The Round City, 4,500 square metres in area, stands at the south gate of Beihai Park. It is surrounded by a 5-metre-high circular wall and has a distinctive courtyara with halls, pavilions and ancient trees. It was originally an islet formed from the lake excavations and served as an imperial garden.

The major building in the Round City is Chengguangdian (the Hall to Receive the Light) built during the Yuan Dynasty and renovated twice in the Ming and Qing dynasties. In the middle of the Round City is Yuwengting (Jade Jar Pavilion) with a blue roof and white columns. The Round City is of great artistic value in the history of ancient gardening in China.

Lacebark Pine

When you go up the terrace, you can see an ancient pinus bungeane (lacebark pine) on your right about 20 metres tall. The pine was planted in the Jin Dynasty, one of the oldest in Beijing. The cypress trees in front of the Hall to Receive the Light are all several hundred years old. Emperor Qianlong is said to have granted titles to these ancient trees: for example, the General in White Robe, for the white bark pine. East of the Hall to Receive the Light there is an 800-year-old tree. It is 10.46 metres high, 94.6 centimetres in diameter, shades the sun from 107.6 square metres. The pine was named the Sunshade Marquess by Emperor Qianlong of the Qing Dynasty as he once sheltered under it on a hot summer day. A lightning rod has been placed on top of the tree, and it is still growing healthily although one of its branches was broken by heavy snow in 1960.
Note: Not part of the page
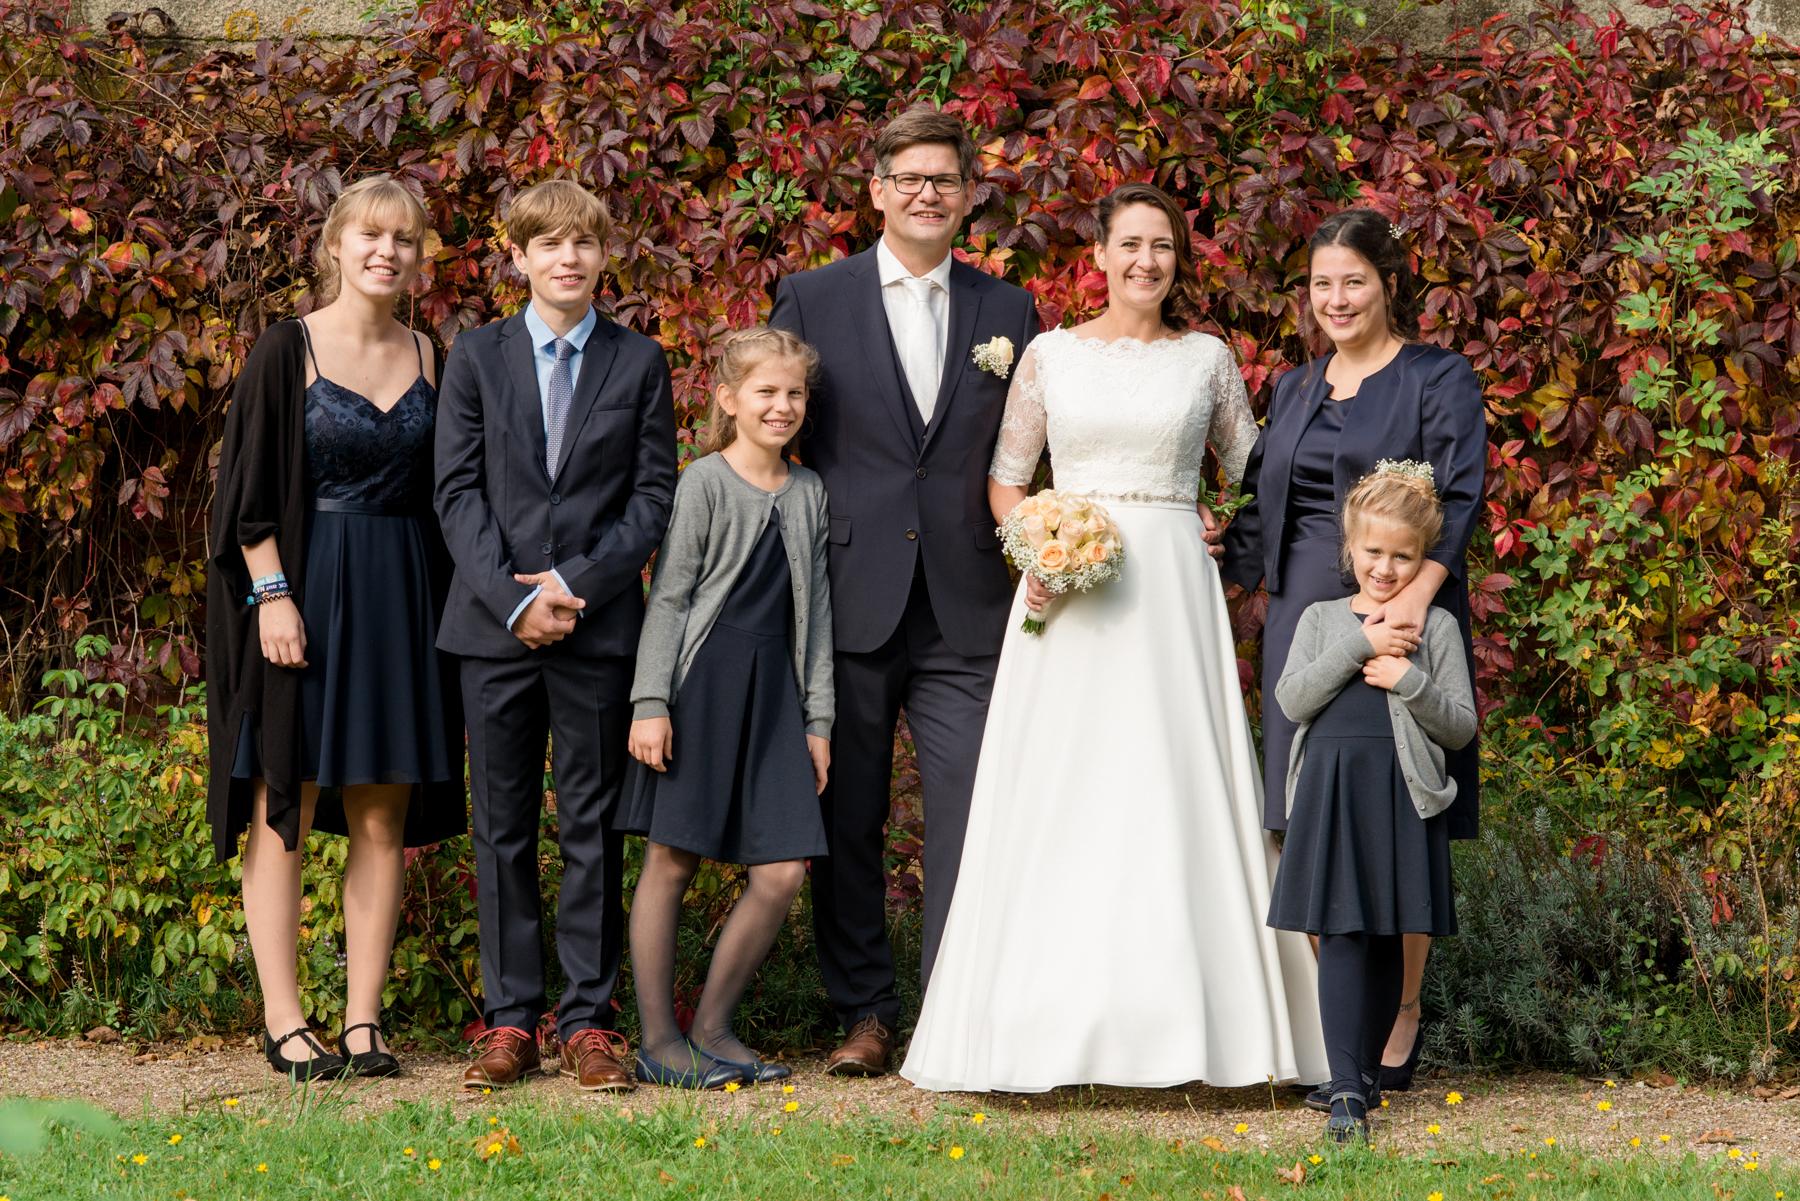 Bluhm-Hochzeitsfotograf-HochzeitamMeer-33.jpg

In Beijing detailed records of 4,200 pine trees which are more than 300 years old, have been compiled. Similar work is also being carried out on some another 20,000 trees, aged between 100 and 300 years.
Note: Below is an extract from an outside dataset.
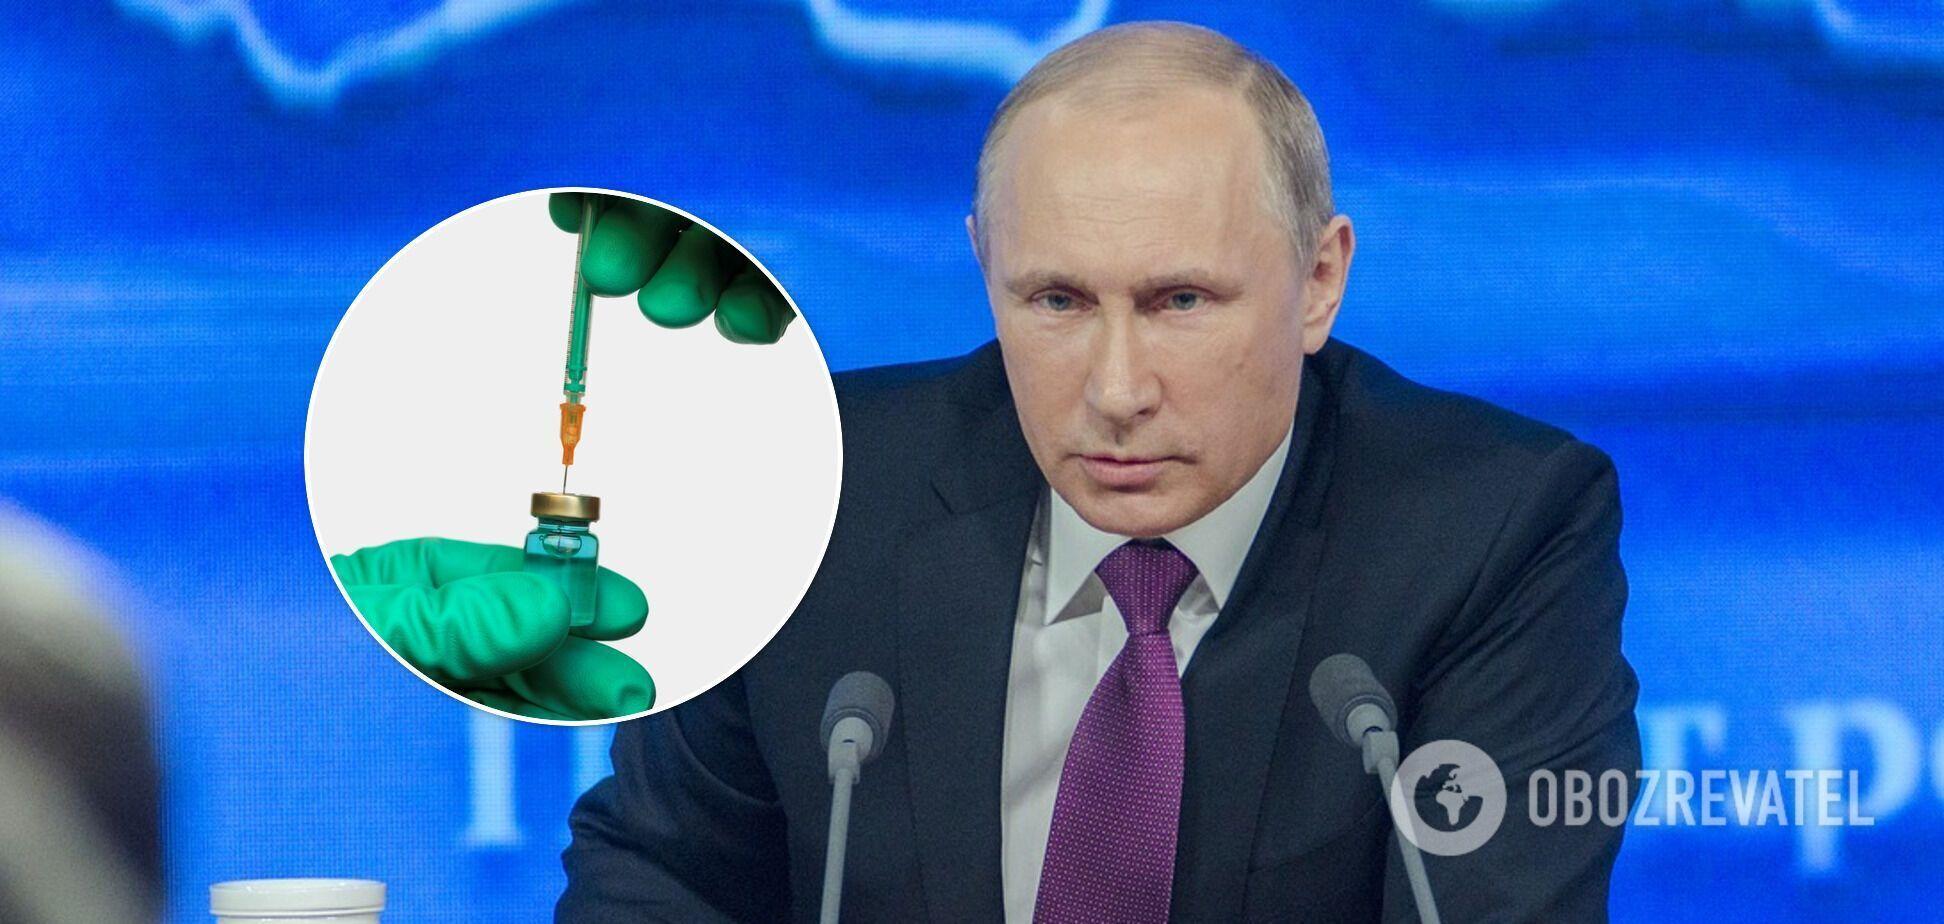 Путин вакцинировался против коронавируса в марте

Since 1983, detailed records have been built up listing each tree's age, height, diameter, shade area, and environment and including photographs and any legendary story attached to the tree. The information is fed into a computer and is used for research work aiming at better protecting these aged trees.

Local groups set up to compile records in parks, at historical sites and scenic spots are also now caring for the old trees by providing manure, irrigation and insecticides.

Jade Jar

The Jade Jar, which is O.66 metre high and 1.5 metres in diameter, was used as a wine vessel by Kublai Khan during the Yuan Dynasty. It was originally kept in the Palace in the Moon. It is carved out of a single piece of black jade. On its outer surface are designs of sea-dragons and other marine beasts amidst rolling waves, and inside is inscribed a poem by Emperor Qianlong about the jar. After the Palace in the Moon collapsed in the Ming Dynasty, the Jade Jar was taken to Zhenwumiao (True Martial Temple), where it was used as a pickle jar. It was recovered in 1749. A pavilion was built especially to house it on the order of Emperor Qianlong

Hall to Receive the Light

The Hall to Receive the Light was built in 1746 after the style of the watchtower in the Palace Museum. It has two verandahs, one on the east side and the other on the west. To the west in the rear are the Pavilion of Penetrating Fragrance and the Pavilion of Clear Ripples. To the east are the Ancient Musical Pipe Pavilion and the Pavilion of Scattered Clouds.

Jade Buddha

In the hall is a statue of Buddha, l.5 metres high, carved out of a very fine piece of white jade. The head and clothes are inlaid with red and green precious stones. The statue is said to have come from Burma during the reign of Qing Emperor Guangxu (1875-1908). The knife scar on its left arm was made by the allied forces of the eight powers in 1900.